Your assignment ▸
The data below should be copied out exactly, with its pictures omitted.

Dataset content ▸
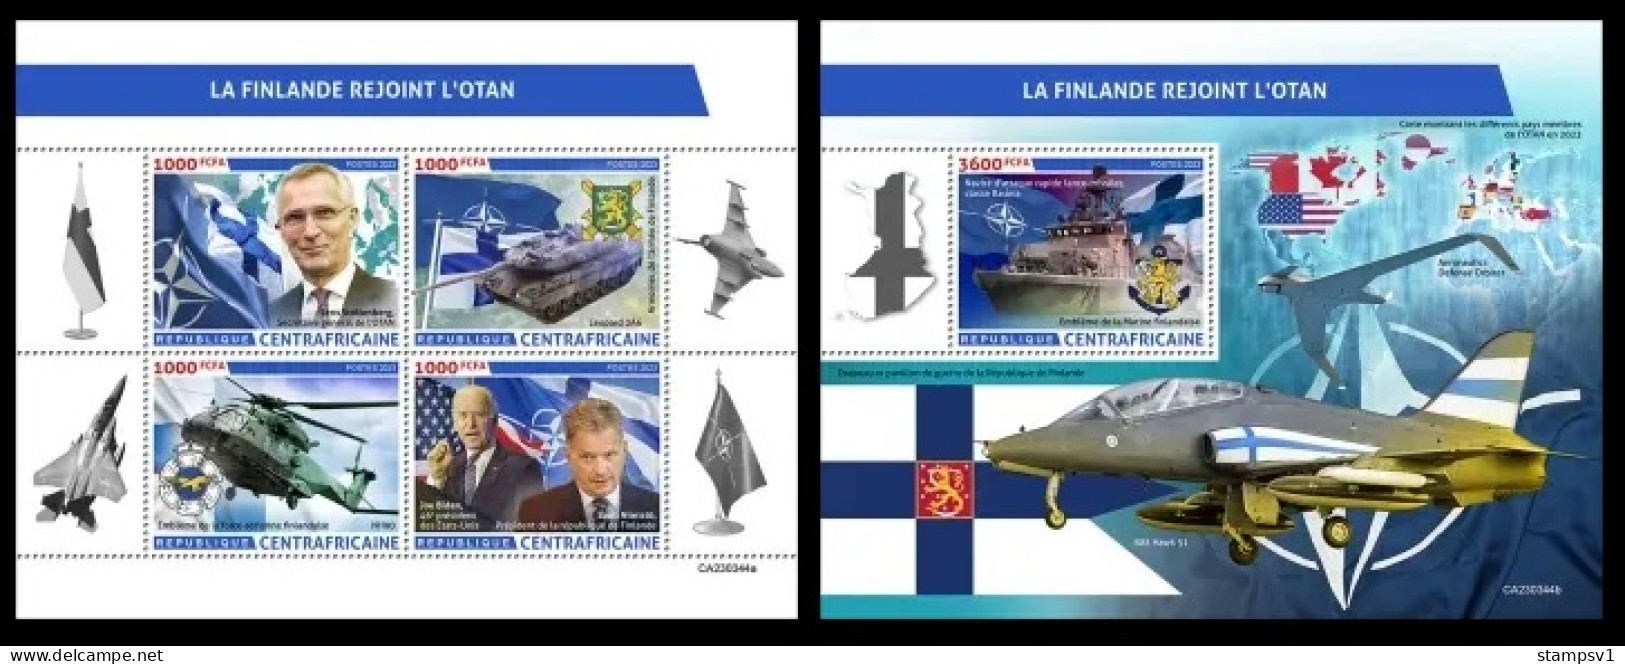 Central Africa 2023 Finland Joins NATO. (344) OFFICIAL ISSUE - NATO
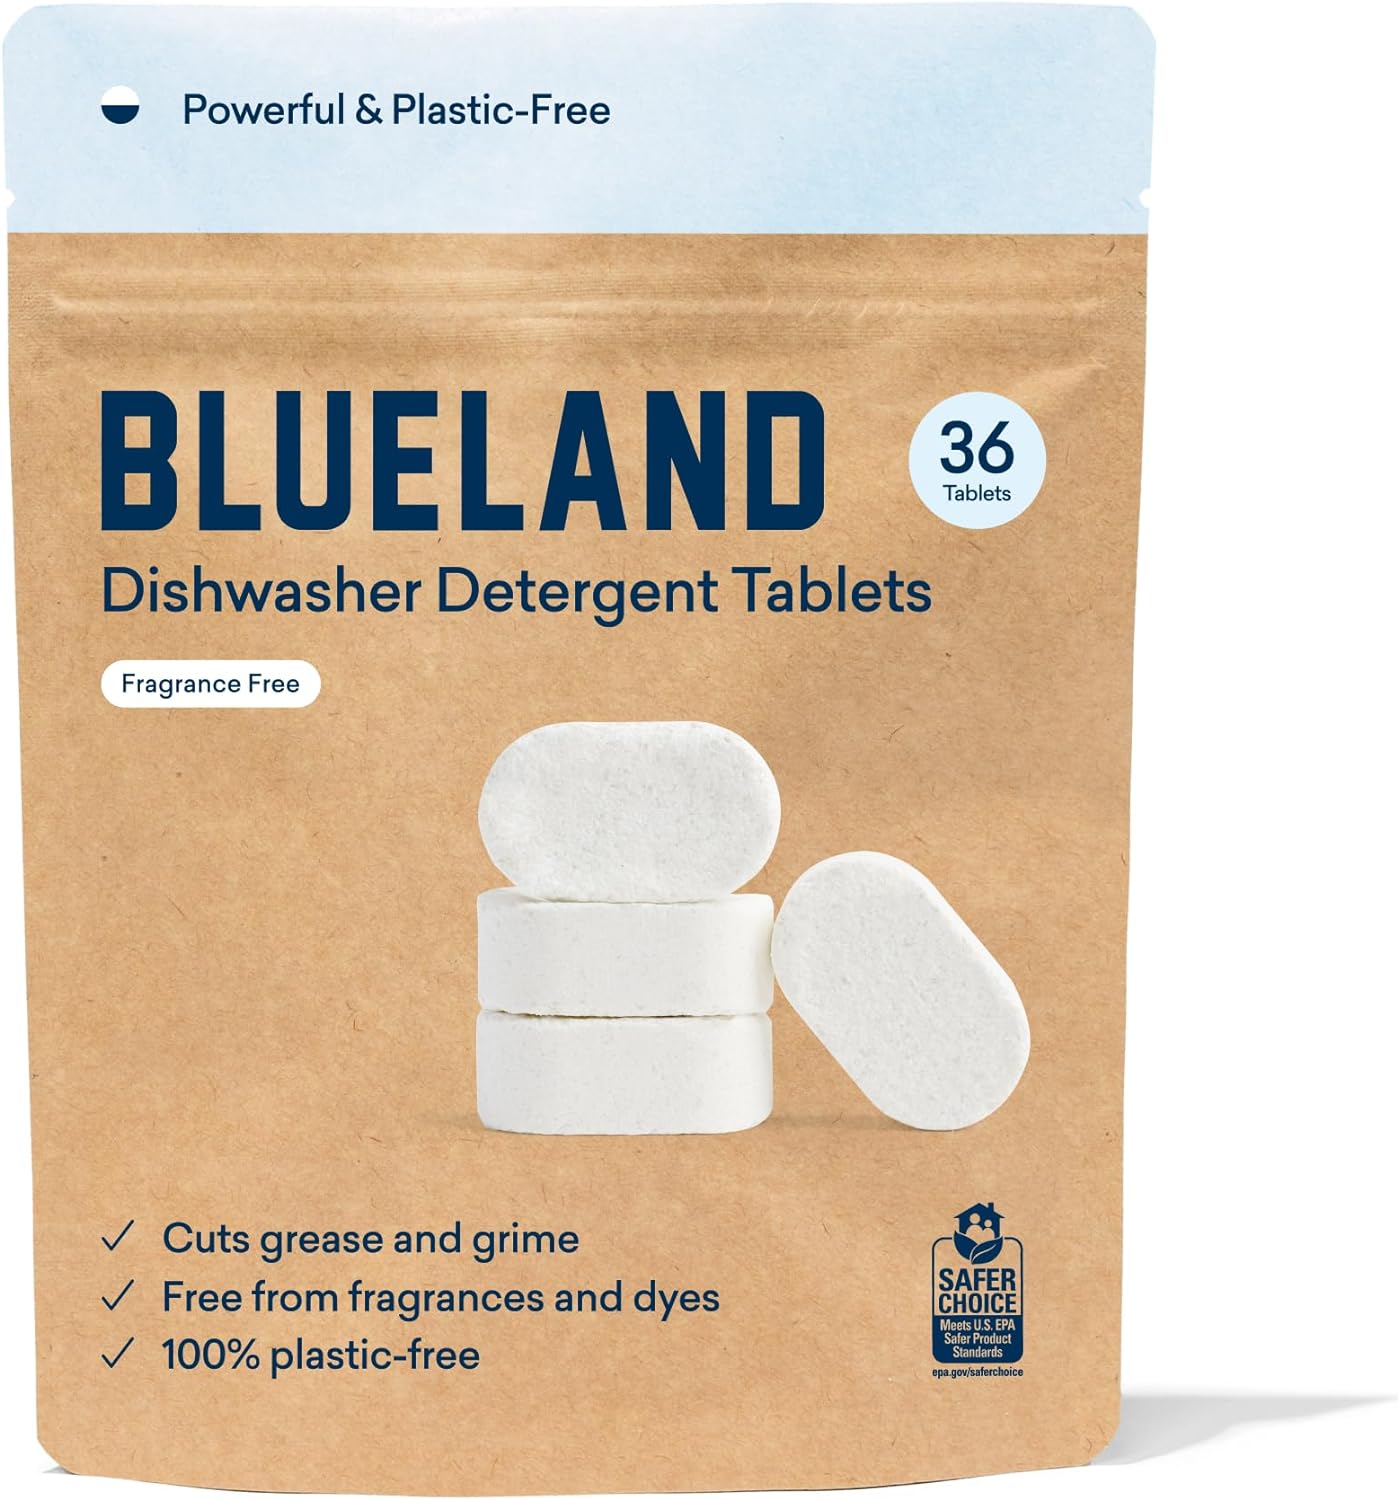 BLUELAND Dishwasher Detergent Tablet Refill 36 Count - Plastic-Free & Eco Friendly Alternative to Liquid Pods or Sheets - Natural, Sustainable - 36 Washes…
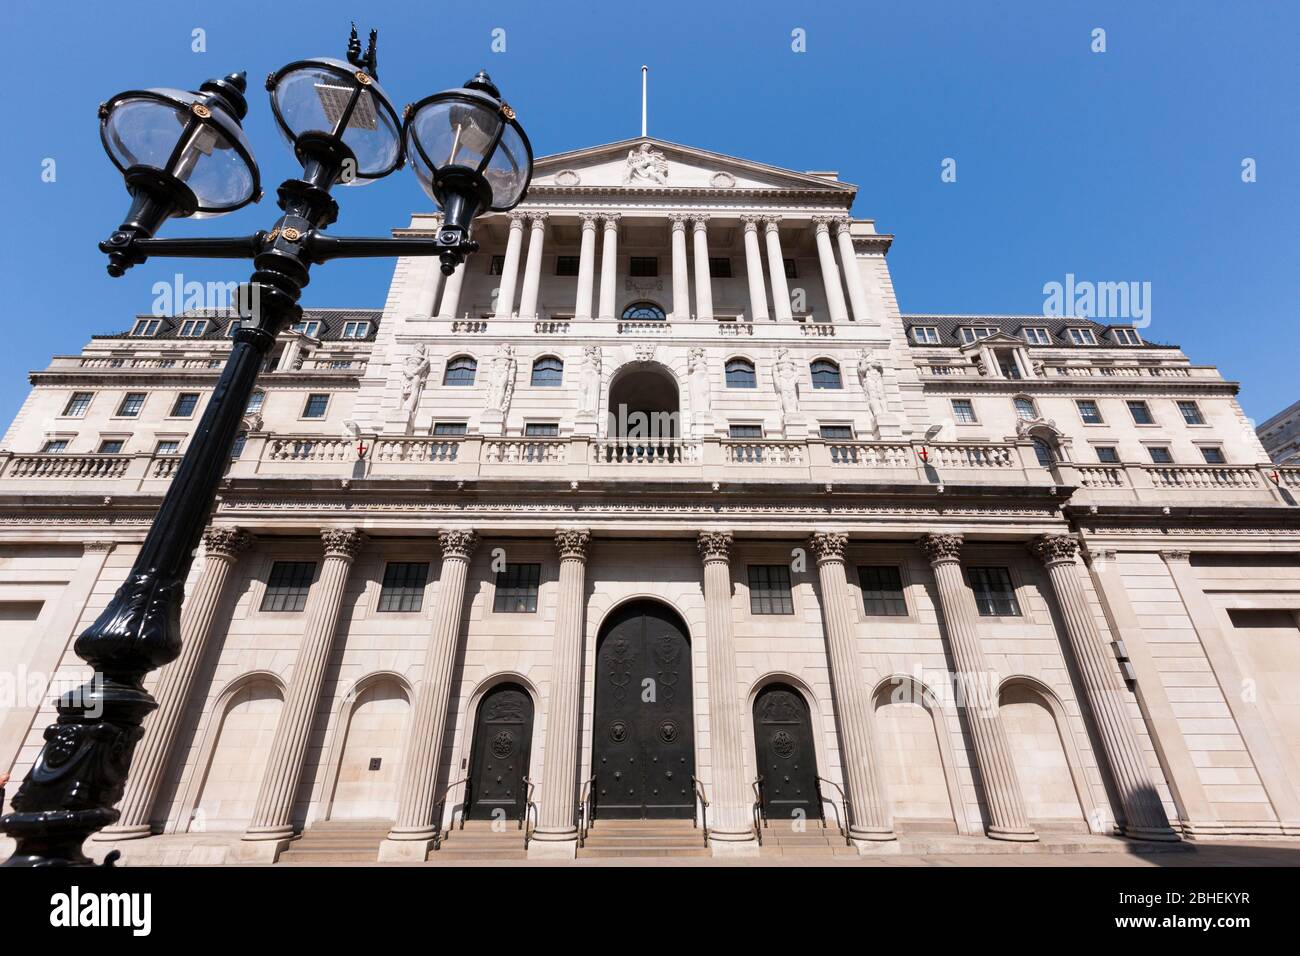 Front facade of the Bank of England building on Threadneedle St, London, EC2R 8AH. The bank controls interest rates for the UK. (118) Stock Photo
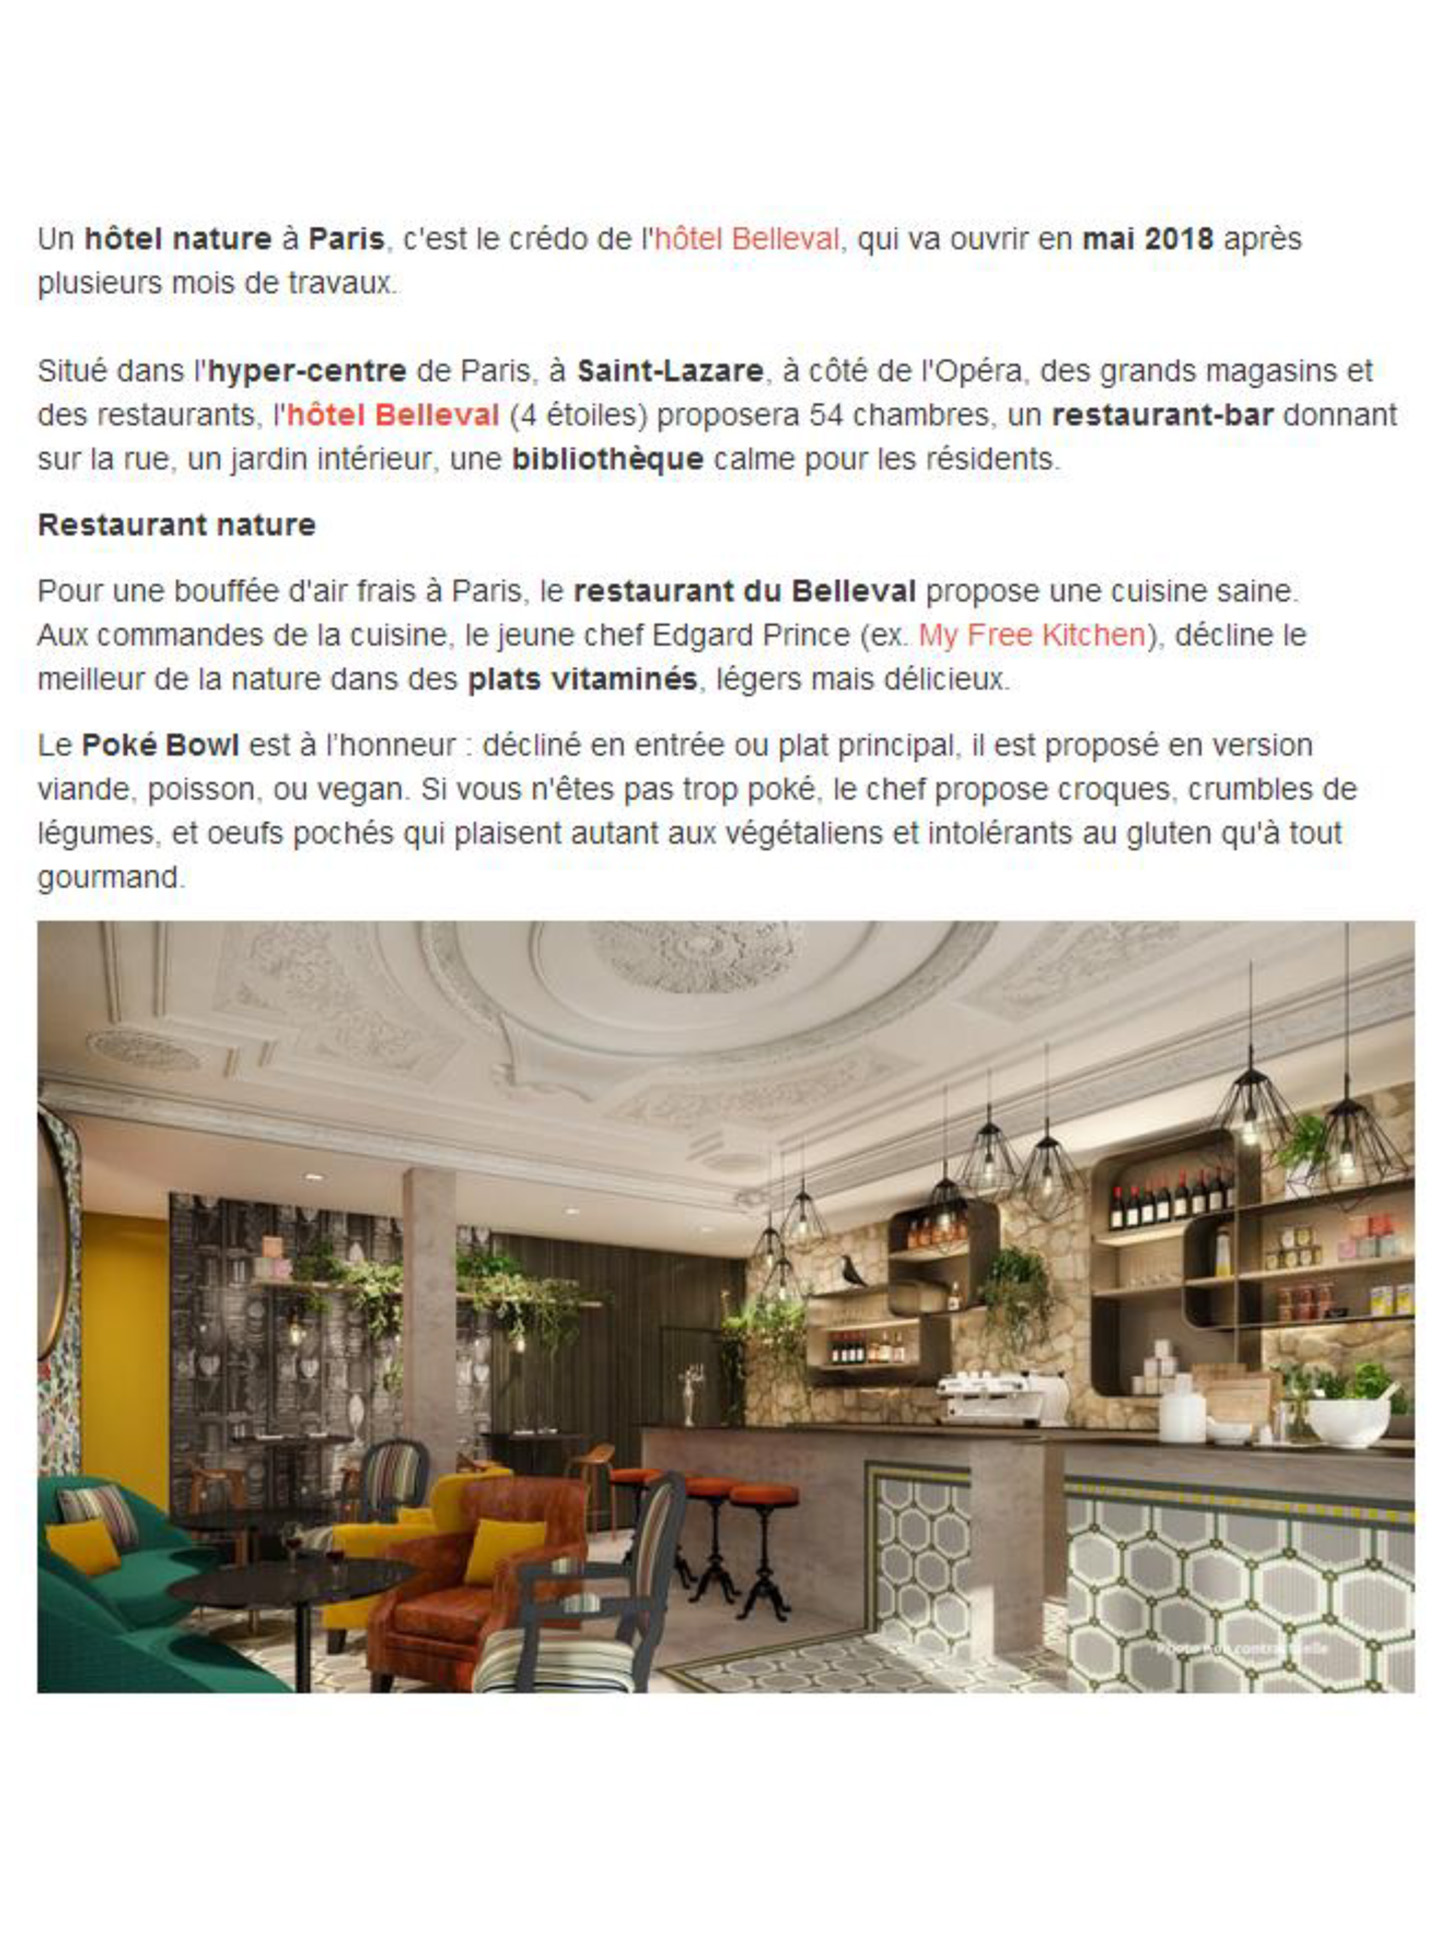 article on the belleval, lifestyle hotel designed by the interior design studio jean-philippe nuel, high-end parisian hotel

Task response ▸
 Central Africa 2023 Finland Joins NATO. (344) OFFICIAL ISSUE - NATO
 BLUELAND Dishwasher Detergent Tablet Refill 36 Count - Plastic-Free & Eco Friendly Alternative to Liquid Pods or Sheets - Natural, Sustainable - 36 Washes…
 Front facade of the Bank of England building on Threadneedle St, London, EC2R 8AH. The bank controls interest rates for the UK. (118) Stock Photo
 article on the belleval, lifestyle hotel designed by the interior design studio jean-philippe nuel, high-end parisian hotel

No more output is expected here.